Полтора часа на пароходике вверх по Темзе — и они в Лондоне.
Саша-младший, у которого морская болезнь сказывалась в том, что неудержимо слипались глаза, теперь заметно приободрился и стоял на палубе возле кондуктора в мундирной куртке, смотрел на берега. Сына удивляло, что на реке не видно рыбацких лодок. В промышленной Темзе почти нет рыбы. Высокий и тоненький, в коротком макинтоше, под которым проступали острые лопатки подростка, он встревоженно, как жеребенок у границы загона, а за оградой — незнакомая даль, стоял у борта парохода. Александр Иванович устало сидел внизу, видел Сашу в окно.
Снова отель. Ему было сейчас особенно неуютно здесь. Как, впрочем, и всюду. Но гостиница — символ бездомности… Фортепьяно, канделябры, судки для умывания — все выглядело предельно чужим и неприятным. Постучался и вошел кельнер, представительный, как парламентарий, сказал «соблаговолите» — и дальше нечто расплывчатое… Была принесена на тяжелом серебряном подносе содовая вода — весьма кстати после пароходной качки. Обед же будет только в шесть. Настойчивость приезжих в желании перекусить чего-нибудь горячего немедленно была воспринята им как неприличие.
Скоро они сняли дом в предместье. Плату хозяин попросил вперед; да, Александр Иванович понимает: ведь он эмигрант. Дом был неудобный и сумрачный, последнее как бы входило в понятие «респектабельный». Герцен нанял первый же свободный…
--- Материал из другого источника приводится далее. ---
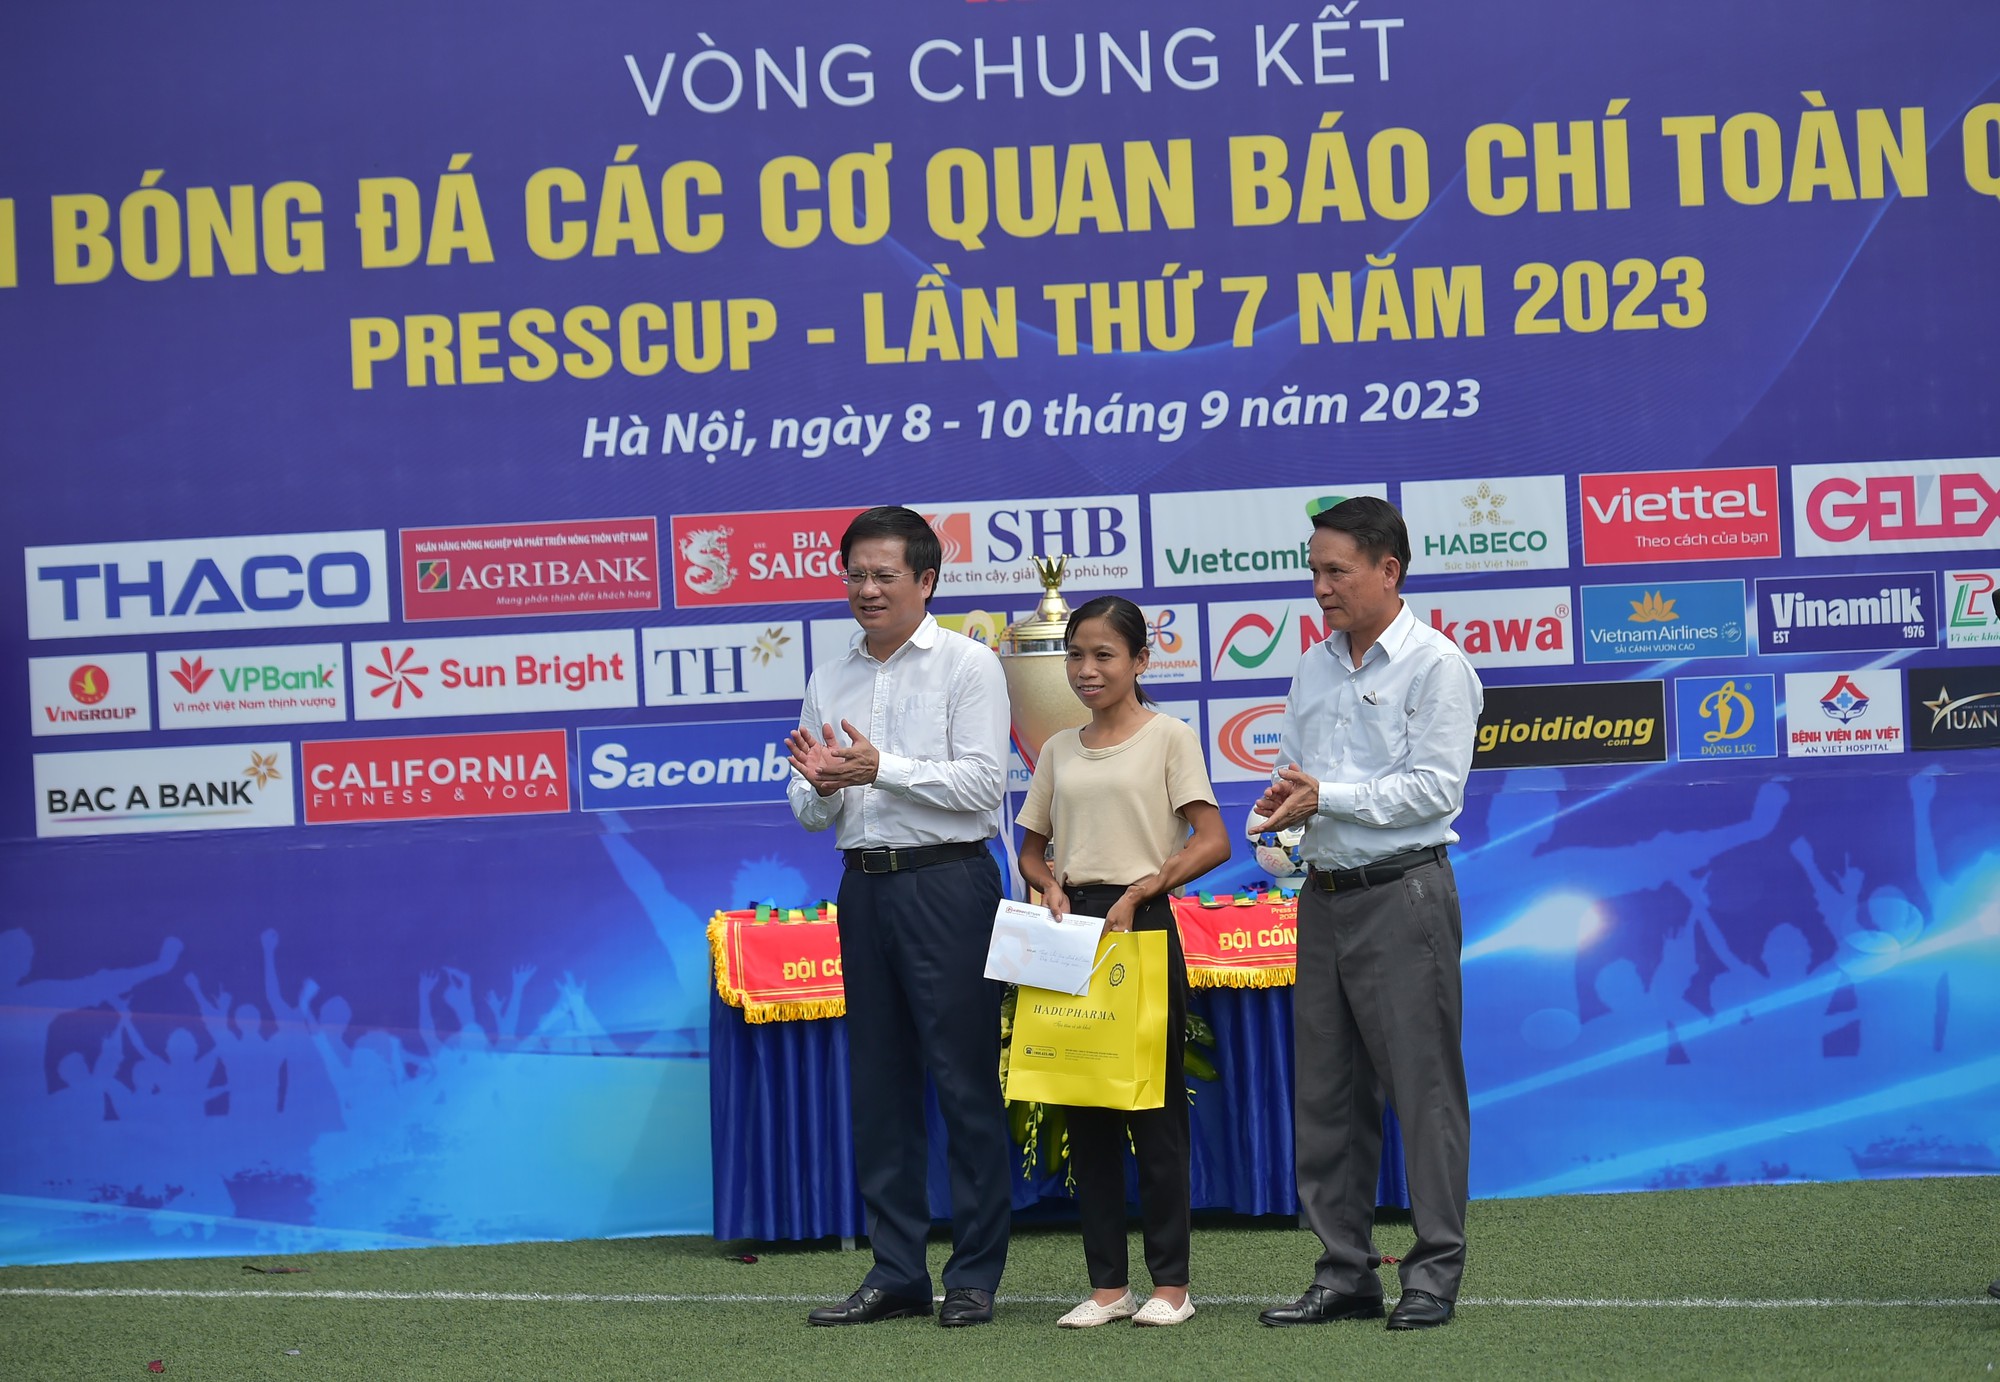 Khai mạc Vòng chung kết Press Cup 2023 - Ảnh 6.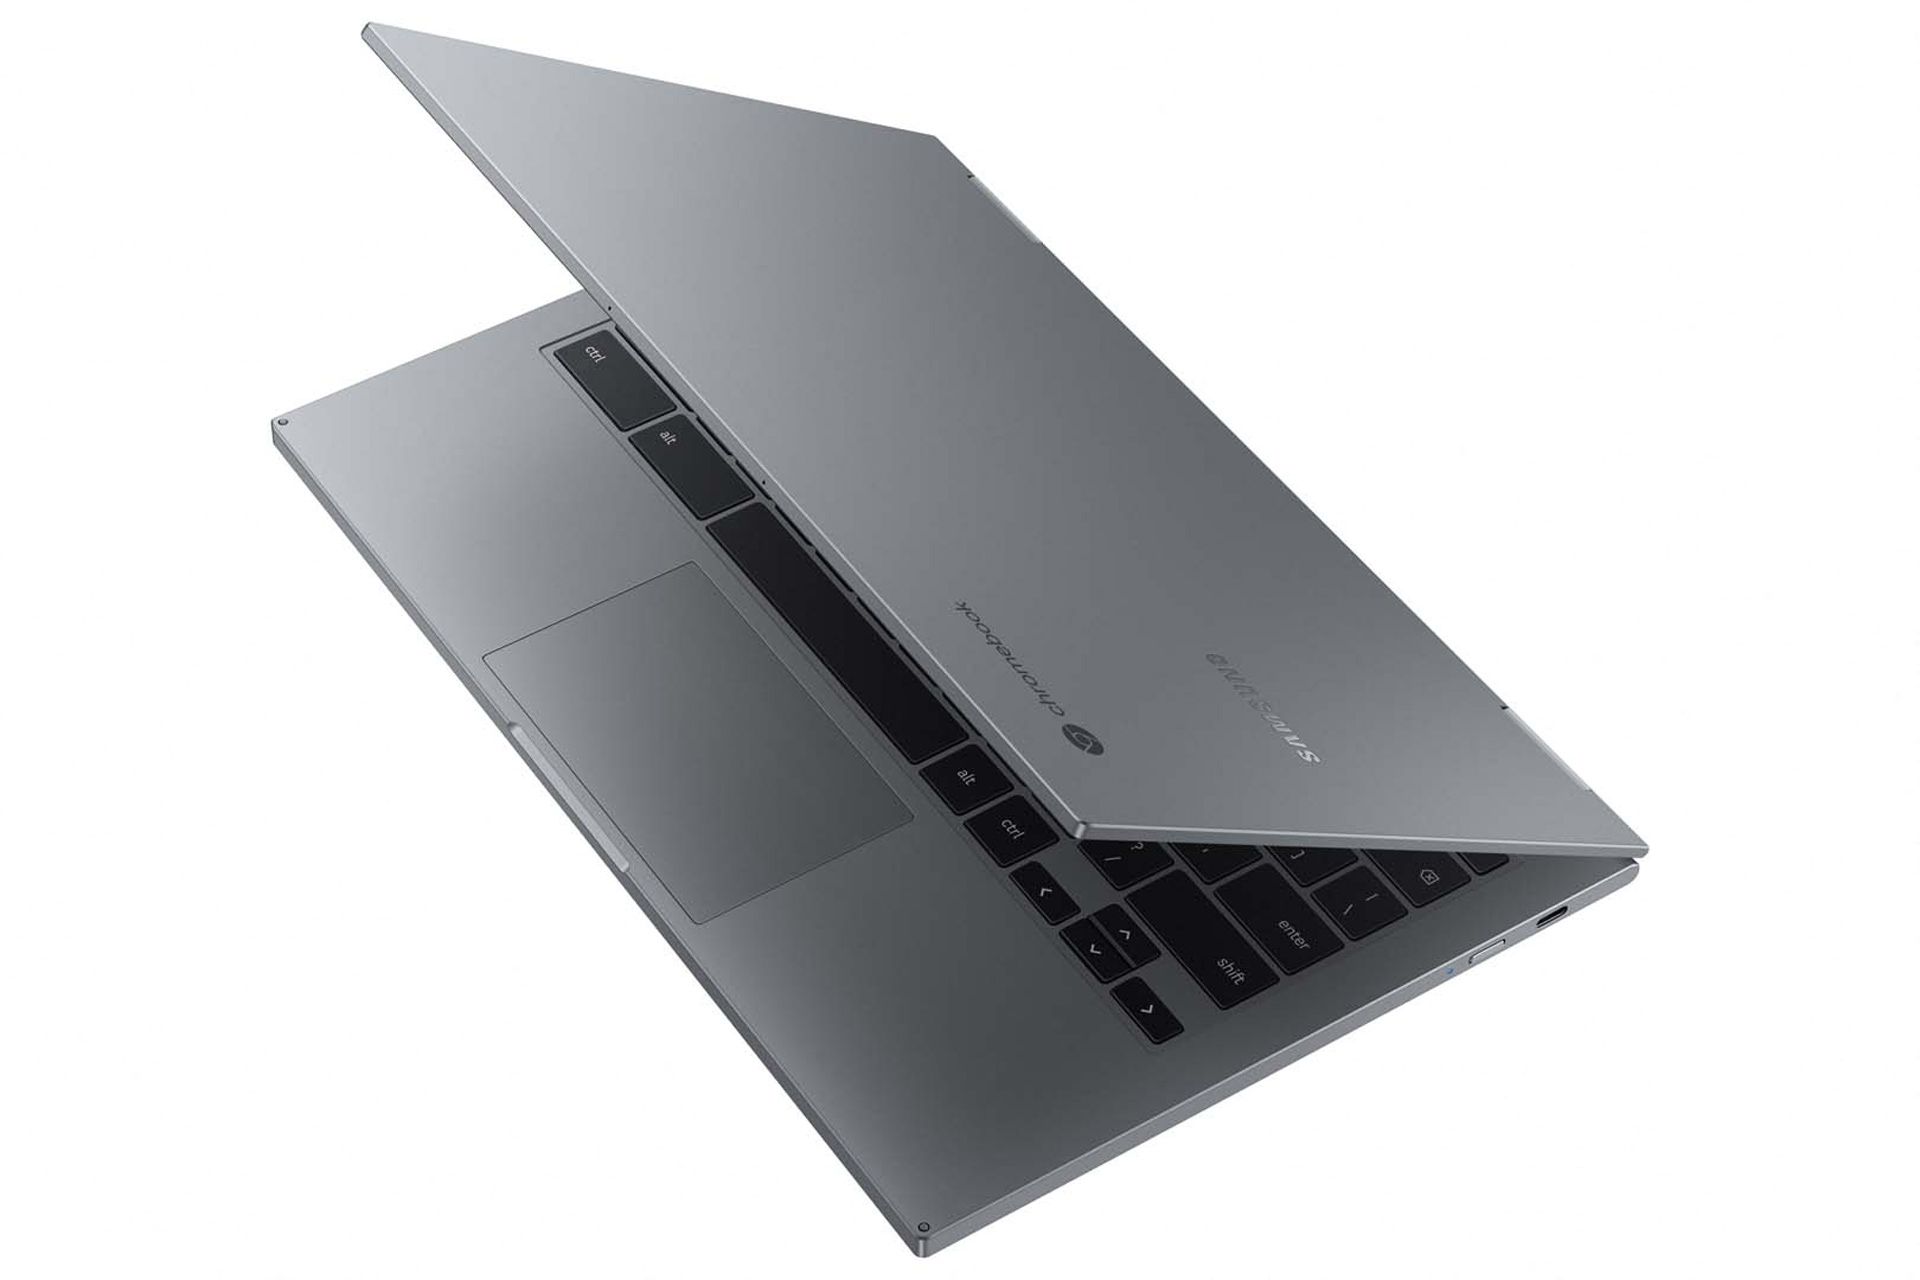 گلکسی کروم بوک ۲ / Galaxy Chromebook 2 سامسونگ از بالا نیمه باز خاکستری

Старик привратник с внушительной и красной физиономией начал с того же «соблаговолите». Герцен спросил у него, не может ли он оставить свой пост и находиться дома — жалованье ему будет выплачиваться. Тот ответил, что такое невозможно: он не имеет права получать жалованье, не исполняя своих обязанностей. Хотелось как можно меньше посторонних лиц.
В огромной, как танцевальный зал, и холодной гостиной, едва разобрав чемоданы, Александр Иванович просидел неподвижно около часа в полной тишине. Чуткий Саша, уловив его состояние, ушел осматривать сад. В здешней гулкой гостиной, решил Герцен, будет его кабинет. Пора приниматься хотя бы за то дело, чтобы устраивать свою дальнейшую жизнь.
В вечернем саду, куда он вышел наконец к продрогшему сыну, в воздухе висела морось, темными драпировками казались барбарисовые шпалеры, и чернели чугунные стволы лип. Под ногами чуть пружинили и скользили слежавшиеся в пласты лиловато-ржавые листья. Запах у них был почти винный от обилия влаги. Вечер в четыре часа дня… Осень.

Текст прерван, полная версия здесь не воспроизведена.